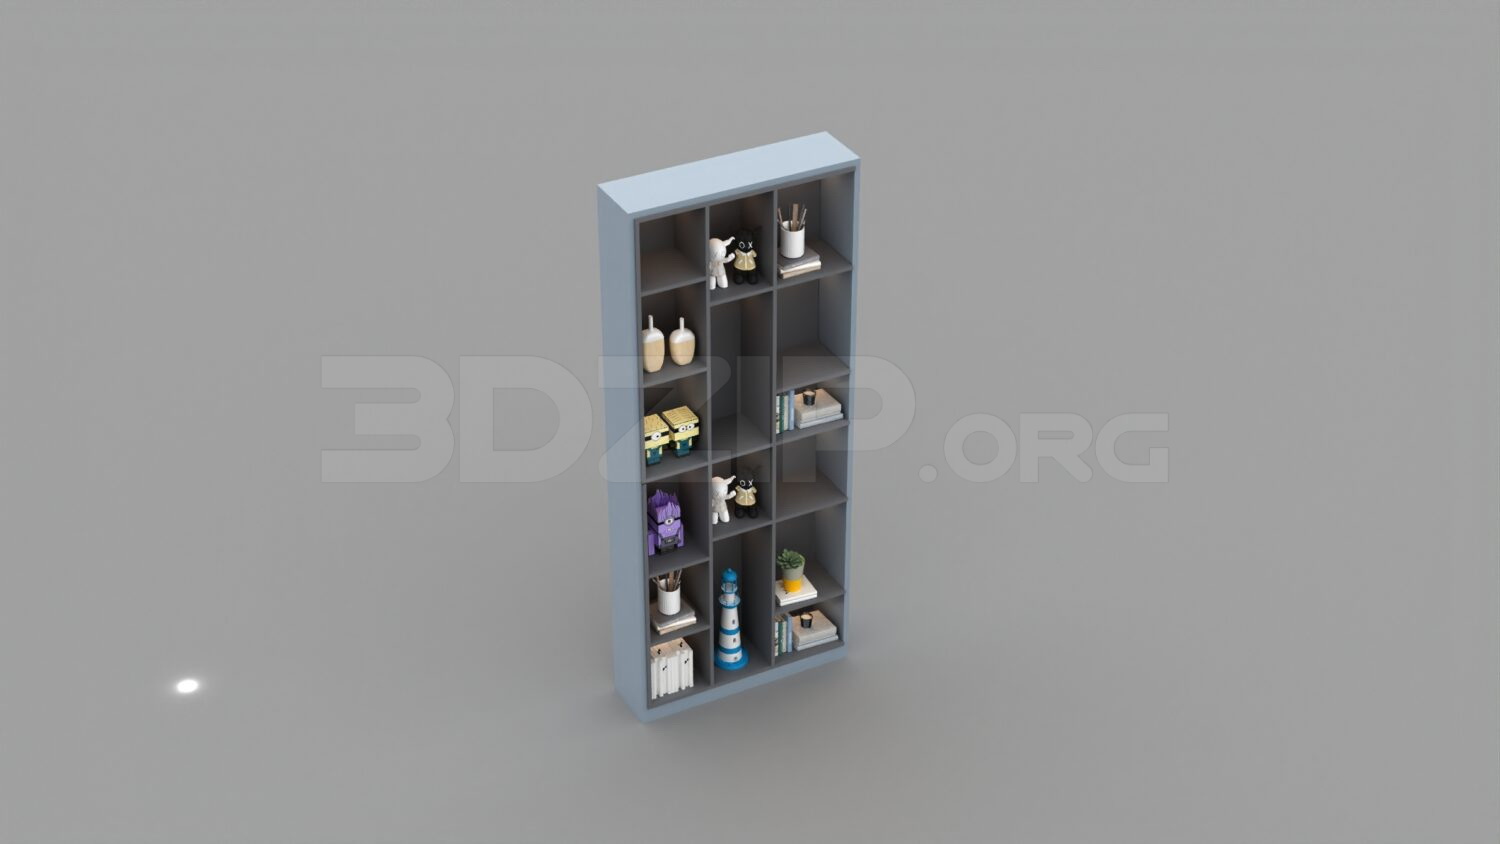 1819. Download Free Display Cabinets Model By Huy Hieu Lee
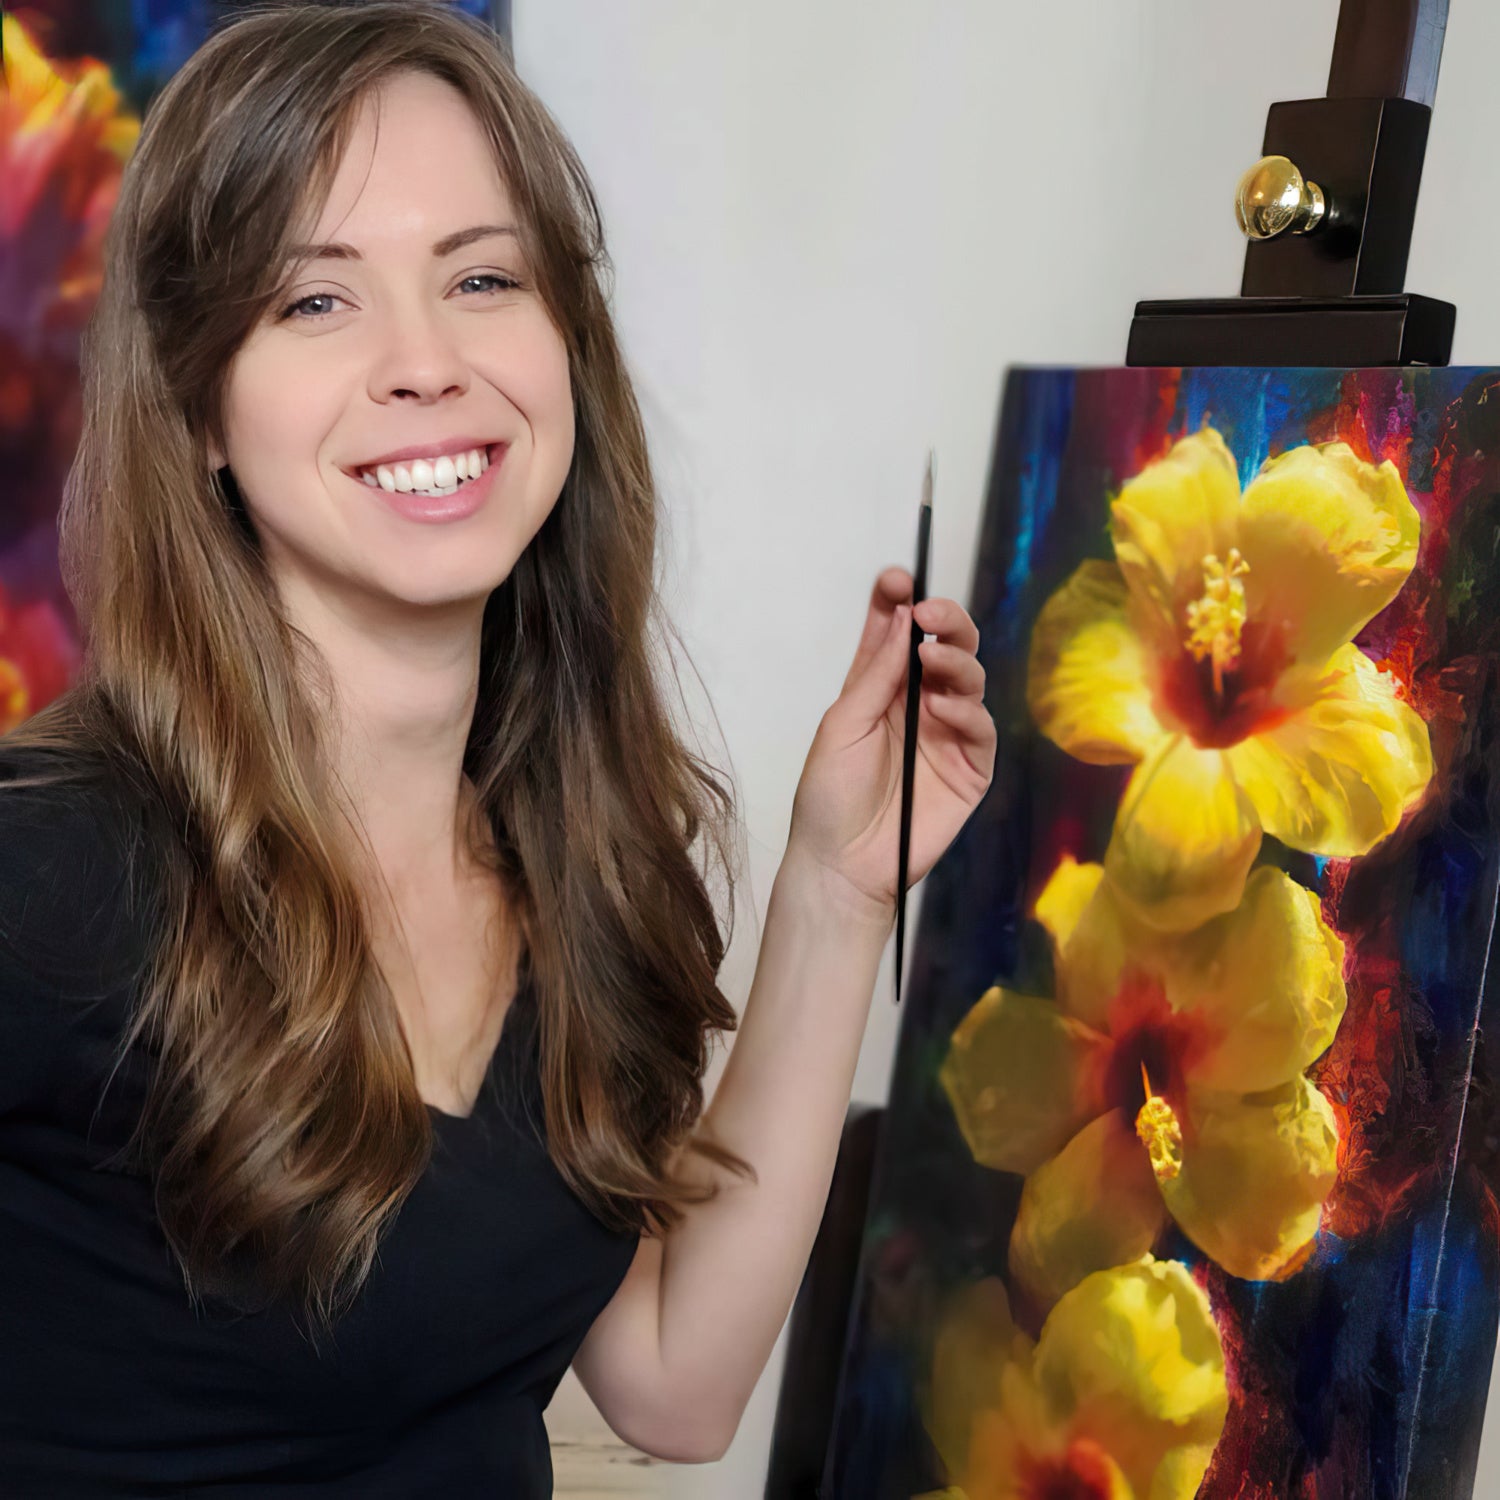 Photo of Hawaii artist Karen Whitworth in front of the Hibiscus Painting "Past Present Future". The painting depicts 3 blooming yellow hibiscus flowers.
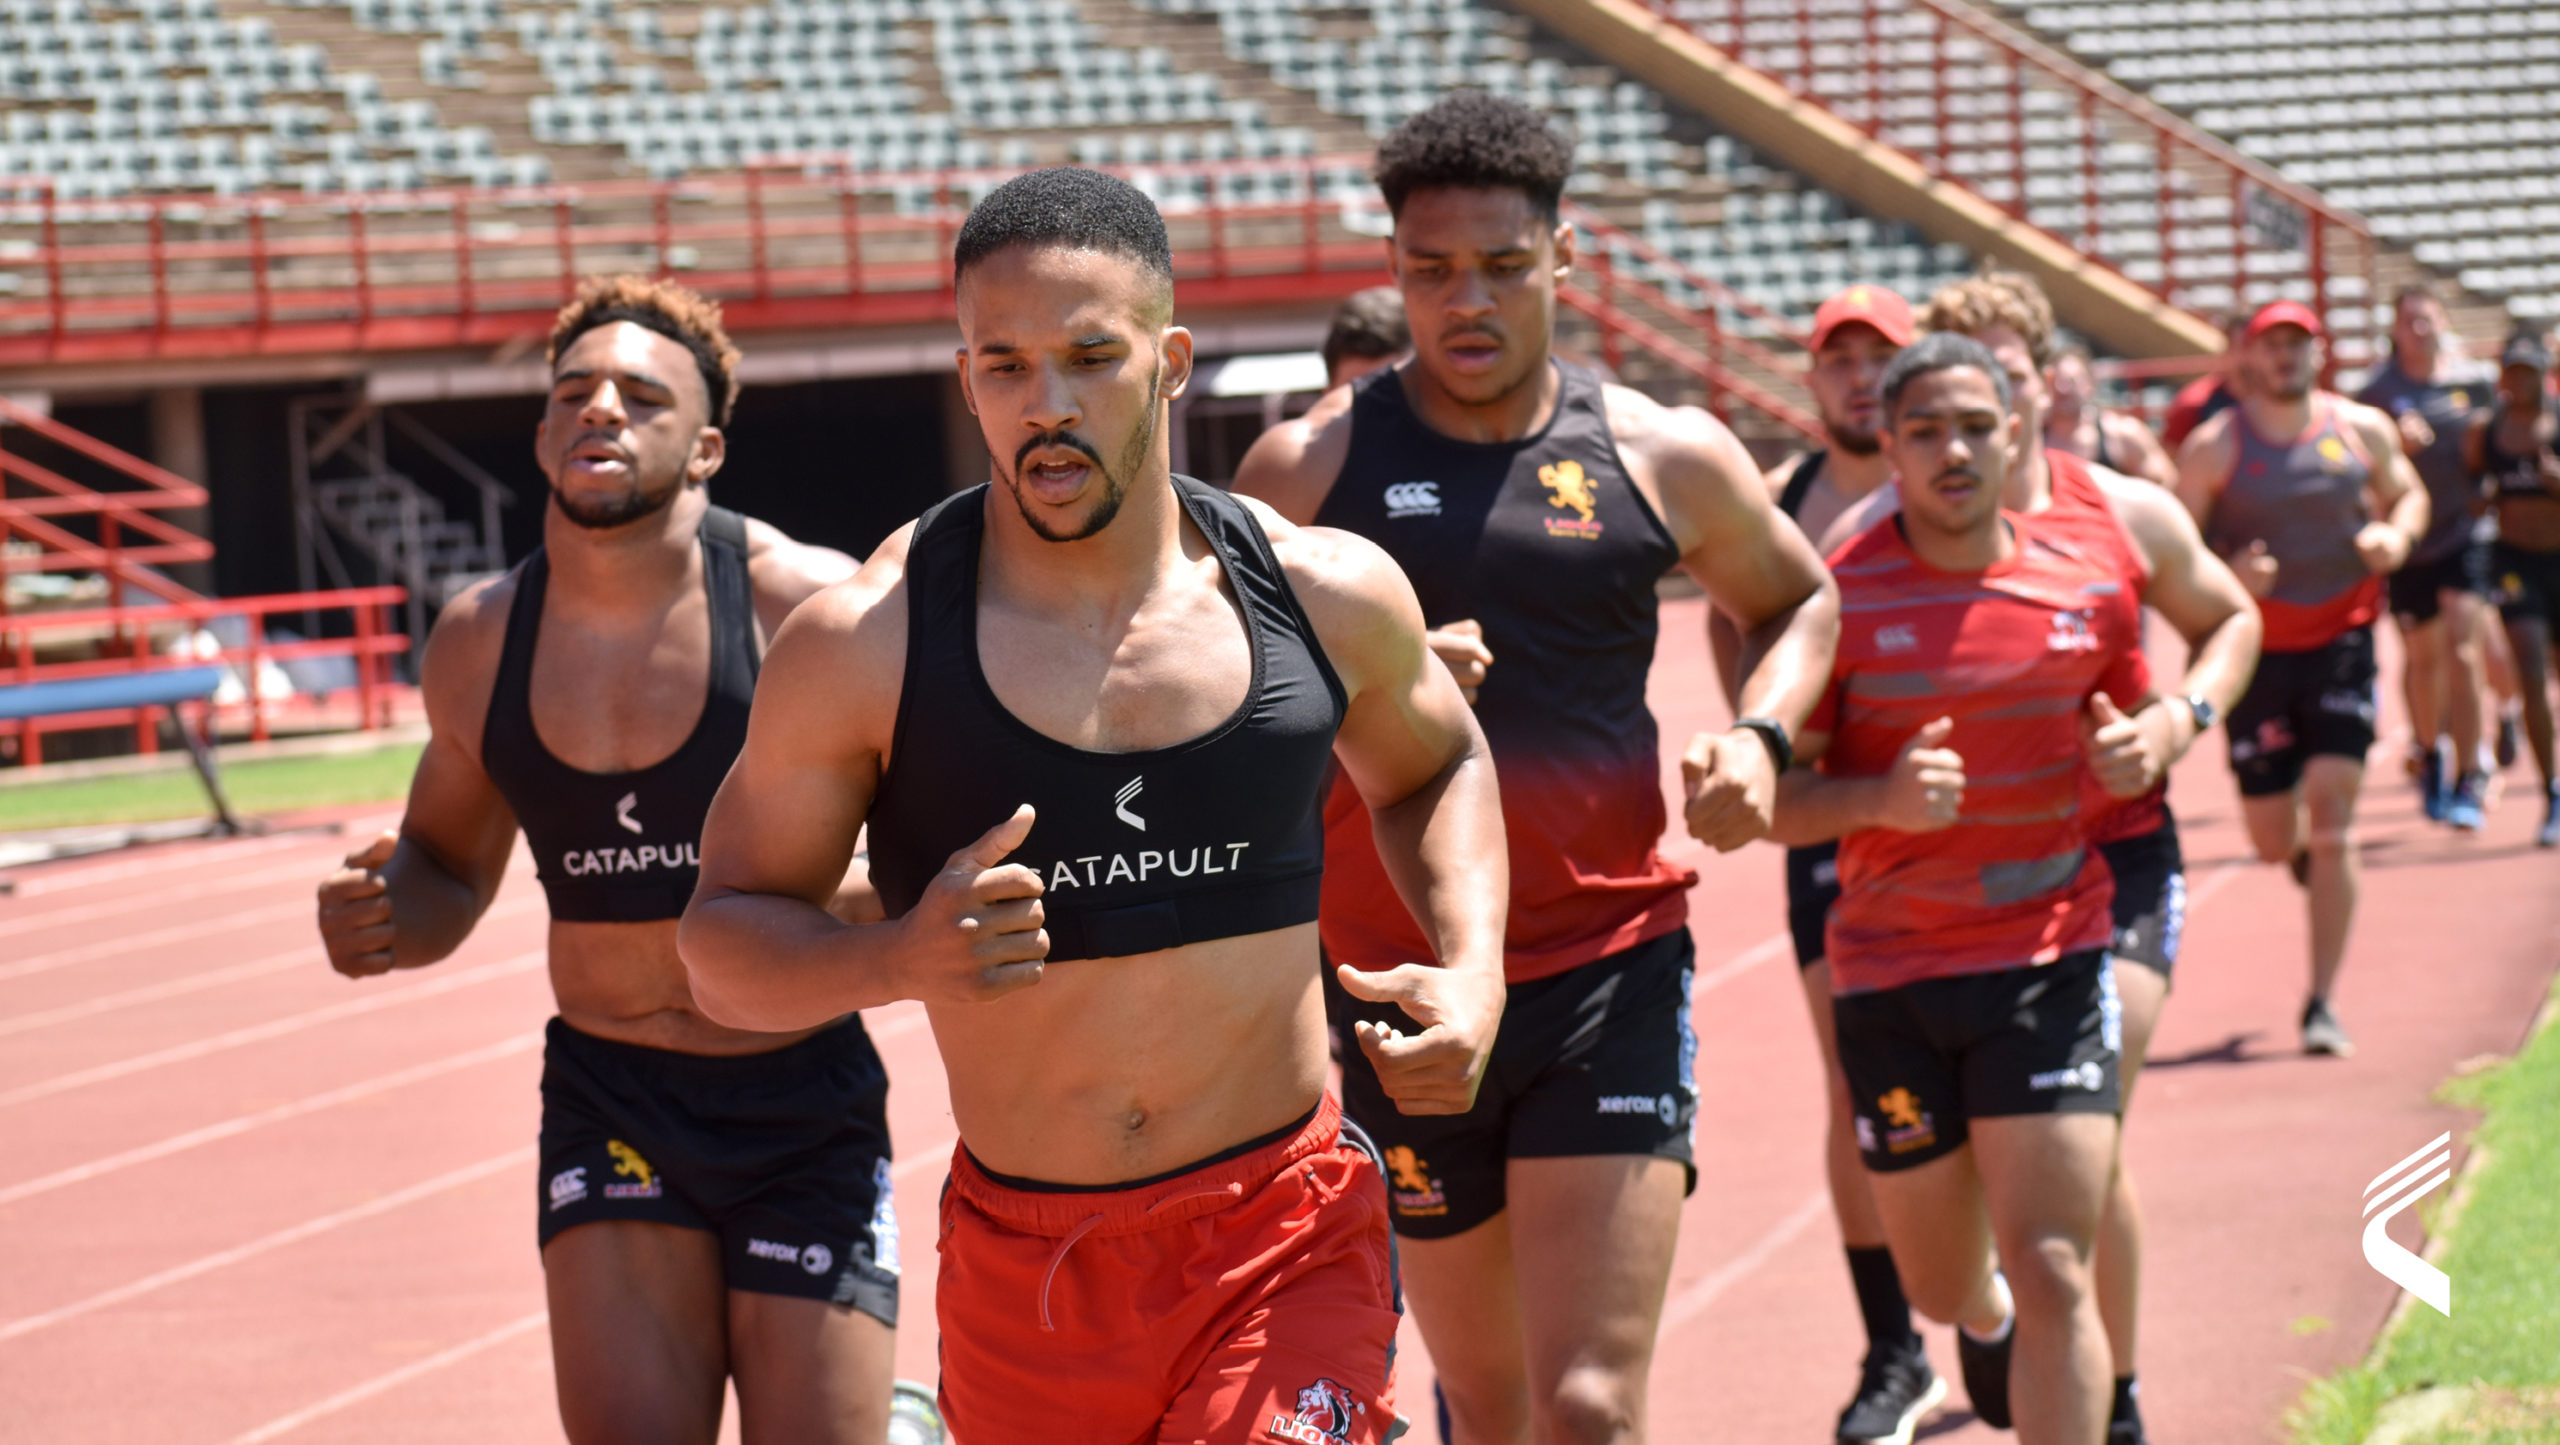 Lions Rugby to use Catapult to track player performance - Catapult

* **TASK BRIEF**
Return the listing above unchanged, apart from dropping its pictures.

* **WRITTEN ANSWER**
 1819. Download Free Display Cabinets Model By Huy Hieu Lee
 Photo of Hawaii artist Karen Whitworth in front of the Hibiscus Painting "Past Present Future". The painting depicts 3 blooming yellow hibiscus flowers.
 Lions Rugby to use Catapult to track player performance - Catapult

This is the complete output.